Tepkileriniz dünyada olup bitene karşı değildir, bunlarla ilgili kendi yorumlarınıza karşıdır. Bu yorumlar, yani sizin algılama ve reaksiyonlarınız, hayatınızda gerçekte yer almış olaylara karşı gerçek tepkilerinizi uyarır. Bu yorumlar pek çok ve farklı biçimlerde ortaya çıkabilir.
Hızlı ve geçici olabileceği gibi, çok derinlere nüfuz edip uzun vadede kalıcı da olabilirler. Her iki durumda da, bugünkü benlik kavramınızı oluşturan olaylar zincirine katkıda bulunurlar ve kesin olarak bilmelisiniz ki, bu zincirdeki hiçbir halkayı atlayamazsınız.
Örneğin, farz edelim ki işten atıldınız. Bu, içinizde tepkiye yol açan bir dış olay olurdu. Ve bu durumda da benlik kavramınızı etkileyen temel şey kovulma işleminin kendisi değil, bu konudaki içsel tepkiniz olurdu.
Farz edelim ki içsel diyalogunuz “işten kovulmaktan gerçekten nefret ediyorum, iyi değil hiç ama hiç iyi değil ama yürekten biliyorum ki iyi çalıştım ve yetenekli biriyim. Sadece tüm bunlar işe yaramadı.” Bu durumda gerçekçi yaklaşmış ve benlik kavramınıza acı yüklenmiş olursunuz.
Ya da içsel diyalogunuz; “İşte ben zaten hep kaybederim. Sonunda hak ettiğimi aldım. Benimle ilgili gerçeği gördüler bak sonunda, ben aptalın biriyim, ben çok şanssızım.” şeklinde de olabilirdi. Ve bu tepkinizle de benlik kavramınız kesinlikle çok acı çekerdi.
Bakınız bir dış olay ve son derece farklı iki sonuç.

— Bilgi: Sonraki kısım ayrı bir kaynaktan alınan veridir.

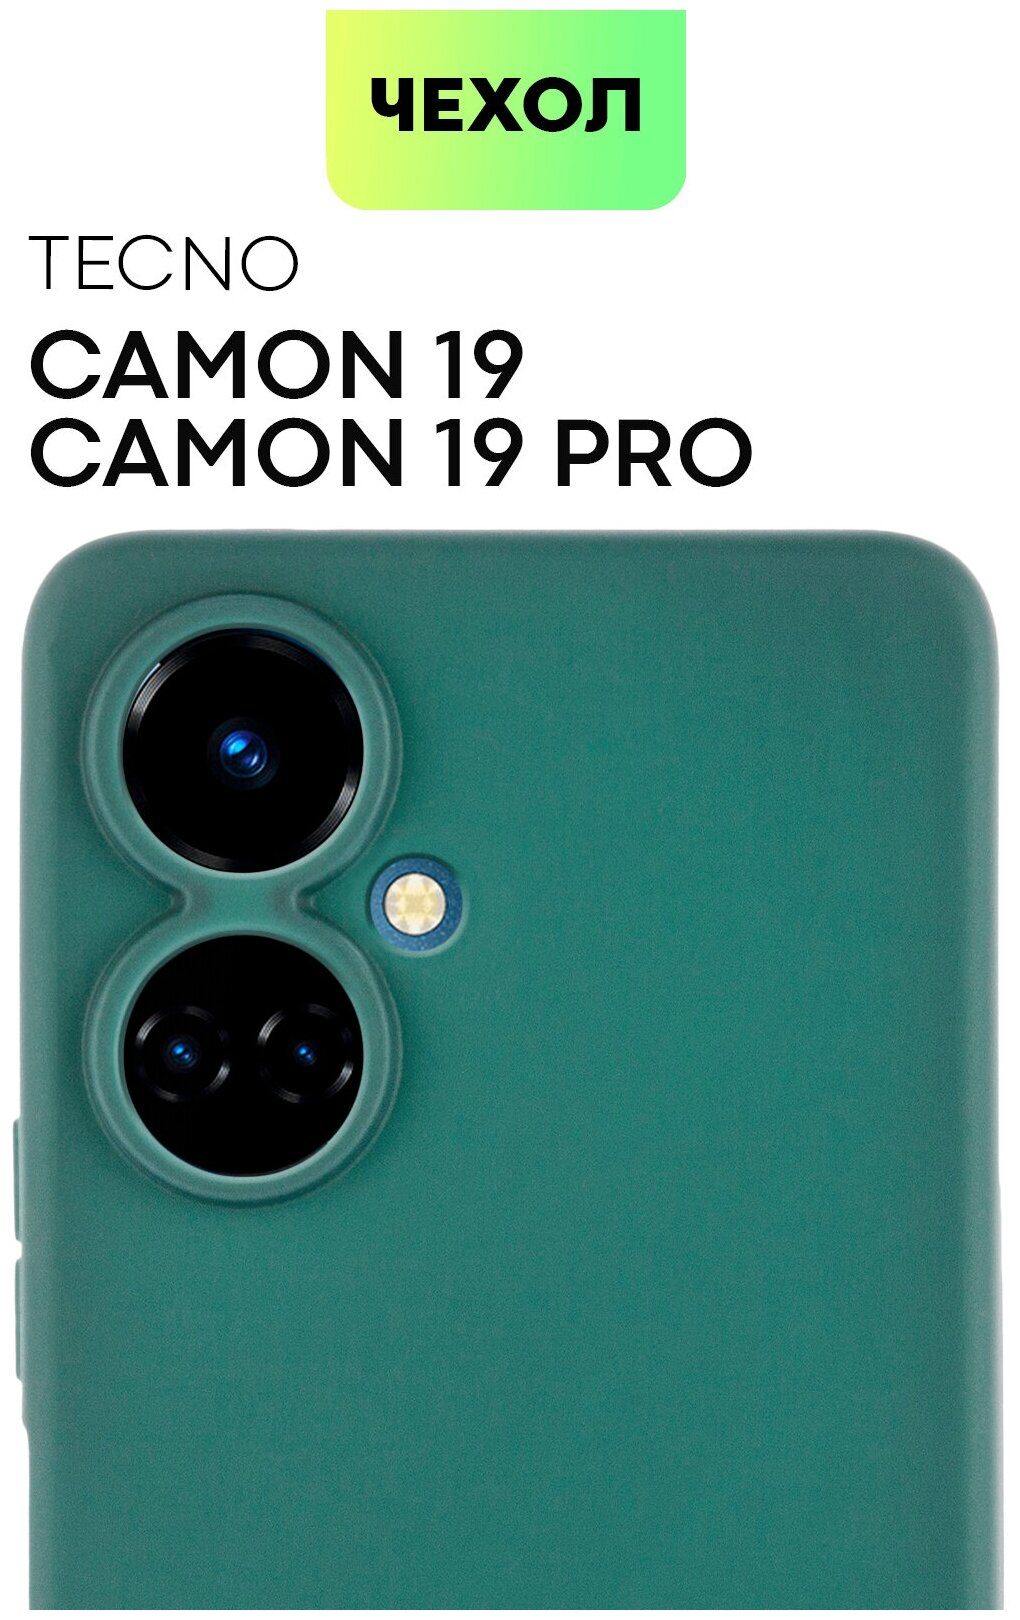 Чехол TECNO Camon 19, Camon 19 Pro (Техно Камон 19) тонкий с матовым soft-touch покрытием, защита вокруг модуля камеры, темно-зеленый
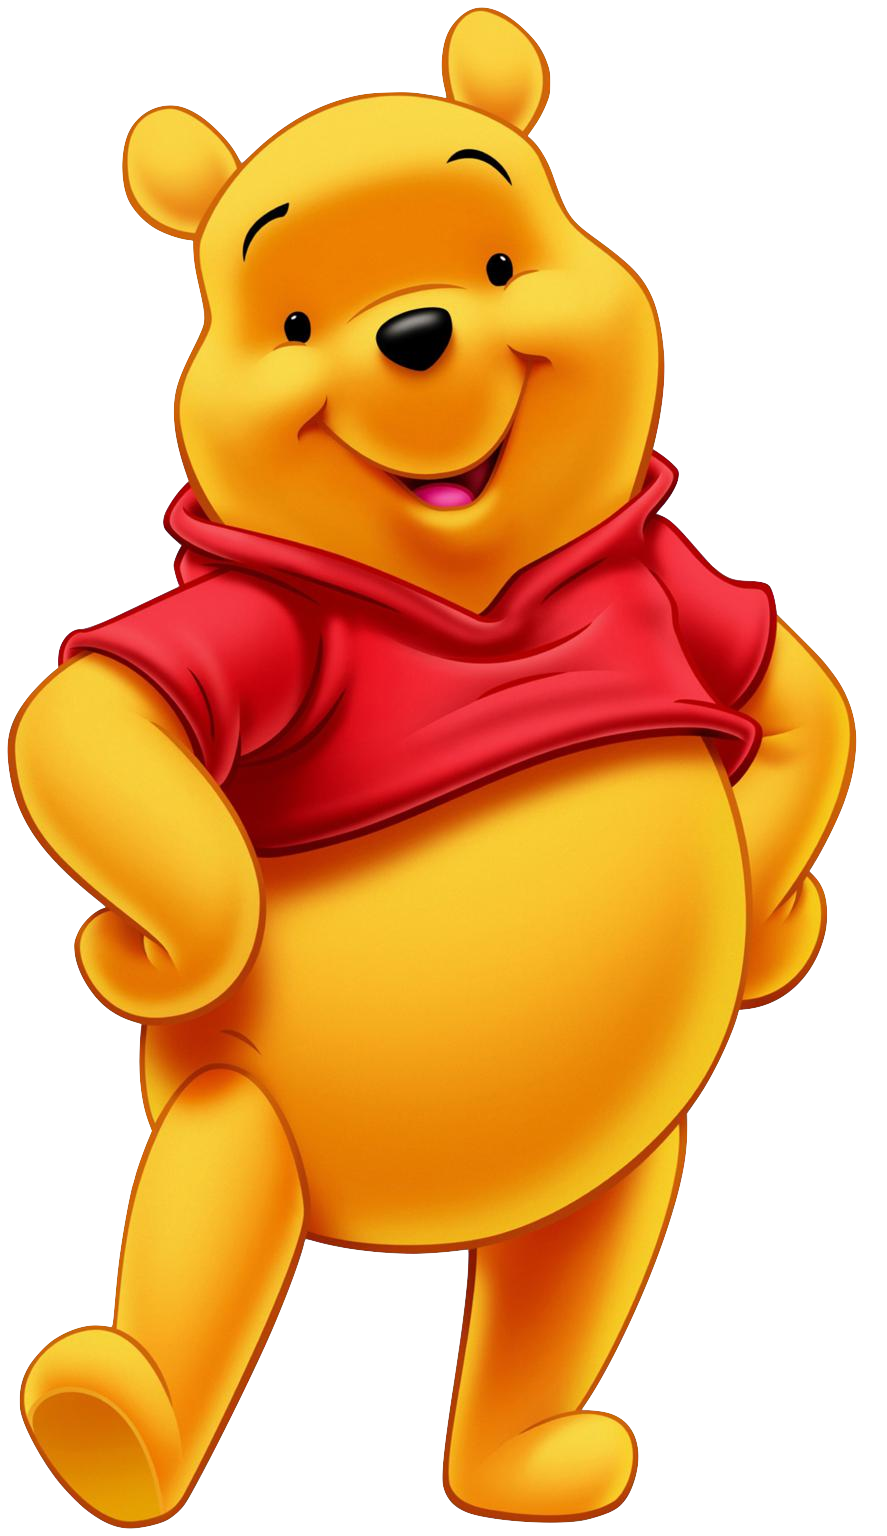 Winnie-the-Pooh - Wikipedia

Bu çok farklı içsel tepki ve içsel diyaloglar benlik kavramınız üzerinde de iki ayrı sonuç yaratabilirler. Bu noktada bir NLP Koç olarak benim görüşüm: size gerçekte ne olduğuna tepki vermezsiniz, olanı nasıl içselleştiriyorsanız görüntü. ses,duygu ona göre tepki verirsiniz. Bu da, benlik kavramınızı etkilemek ve yönetmek için müthiş bir gücünüz olduğunu gösterir.
İçsel diyalogunuzdan, kendinizle, kendinizin hakkında yaptığınız gerçek zamanlı konuşmadan söz ediyorum. Kendinize karşı dürüst olmalısınız, ama bilin ki seçenekleriniz var ve bu kitap bunları yapıcı biçimde nasıl kullanacağınızı gösterecek.
Bilmenizi istiyorum ki; hayatınızda olumsuzluklar yaşıyorsanız bu zaten yeterince kötü fakat bir de onları olduklarından da kötü hale getirip, bu yüzden poponuzu tekmeliyorsanız, işte o zaman bu bir felaket.
Tıpkı dış faktörlerinizde olduğu gibi, içsel tepkilerinizi anlamanın anahtarları da nereye bakılacağını ve hangi soruların sorulacağını bilmekte yatar.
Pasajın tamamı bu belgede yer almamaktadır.